Marine sediment sample 1¶

This benchmark concerns the assembly of a marine sediment sample, containing two distinct microbial populations, from two distinct geographical locations, of approximately 286 million paired reads. The assembly was performed using the two-phase Trinity workflow discussed above, using those submission scripts as templates.

Phase 1 ran on 18 threads with 220 GB memory on the bigmem partition and took approximately 15 hours to complete.

For Phase 2, the master process ran on a single core with 20 GB memory on the bigmem partition. HPC GridRunner was configured with both cmds_per_node and max_nodes set to 100, with the sub-jobs running on either large or bigmem partitions and requesting 5 GB memory and 1 hour wall time each. The number of commands (mini-assemblies) that needed to be run during this phase was 2,020,460. Phase 2 took approximately 19 hours to complete (elapsed time) and cost around 1,800 core hours.

Marine sediment sample 2¶

This sediment sample, containing 303 million reads, was all from the same location and was taken from a treatment experiment. The assembly was performed using the two-phase Trinity workflow discussed above, using those submission scripts as templates.

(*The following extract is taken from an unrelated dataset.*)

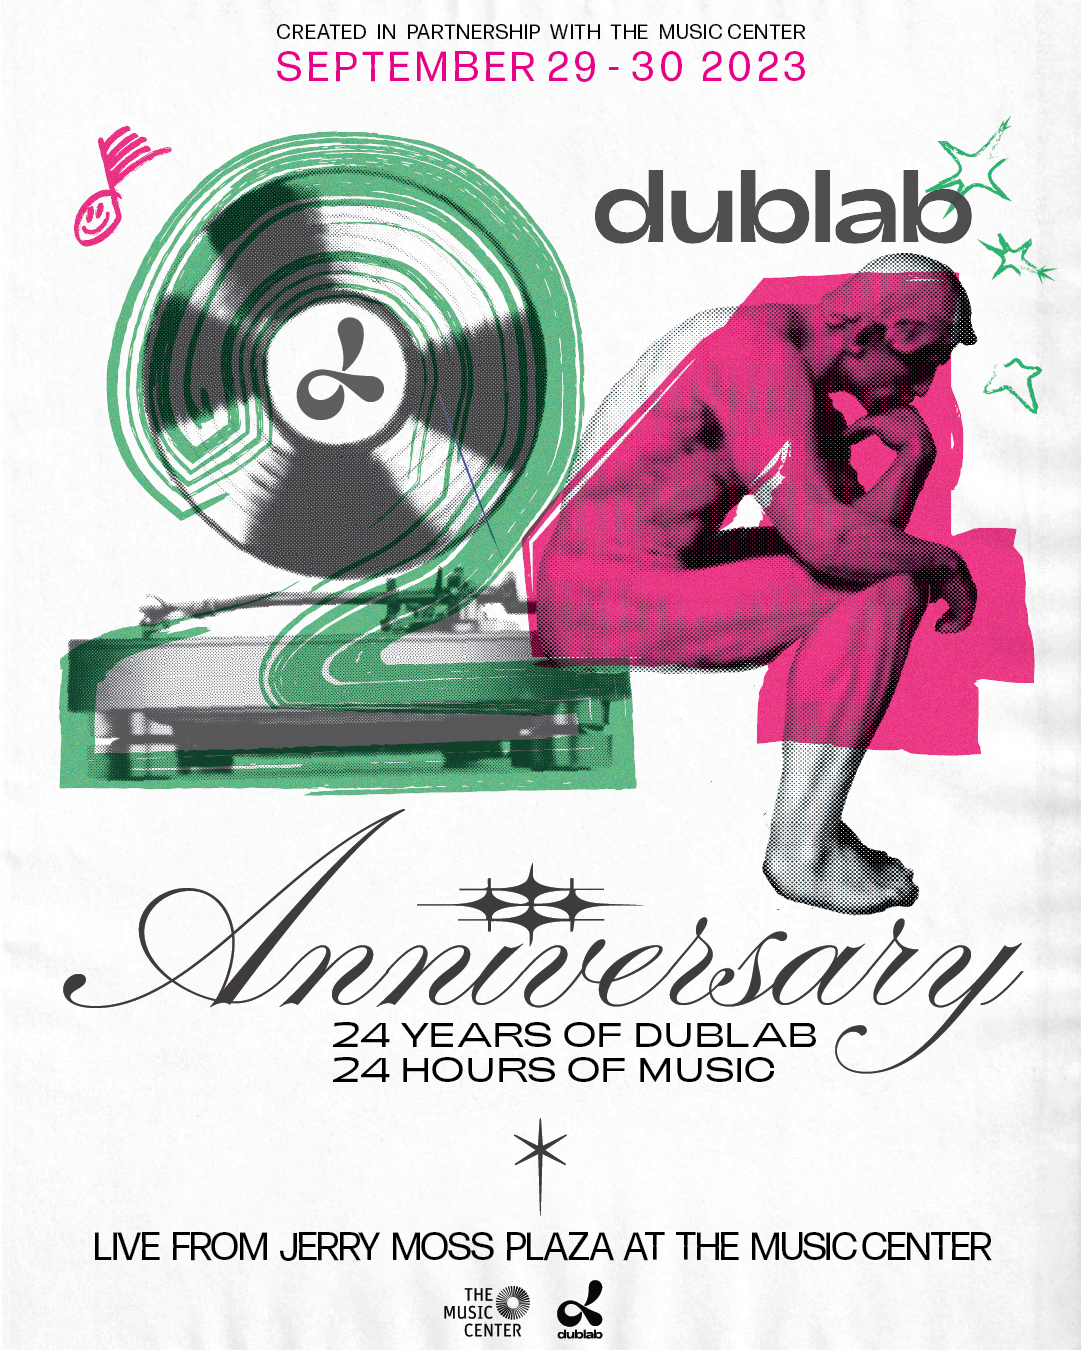 dublab's 24 year anniversary with 24 hours of live music - フライヤー表

There were 4,136,295 mini-assemblies to run in Phase 2. The master process requested 30 GB memory on the bigmem partition and HPC GridRunner was configured with both cmds_per_node and max_nodes set to 100. The sub-jobs ran on either the large or bigmem partitions and required 1 hour wall time and 5 GB memory each. Phase 2 took approximately 32 hours to complete (elapsed time) and cost around 3,100 core hours.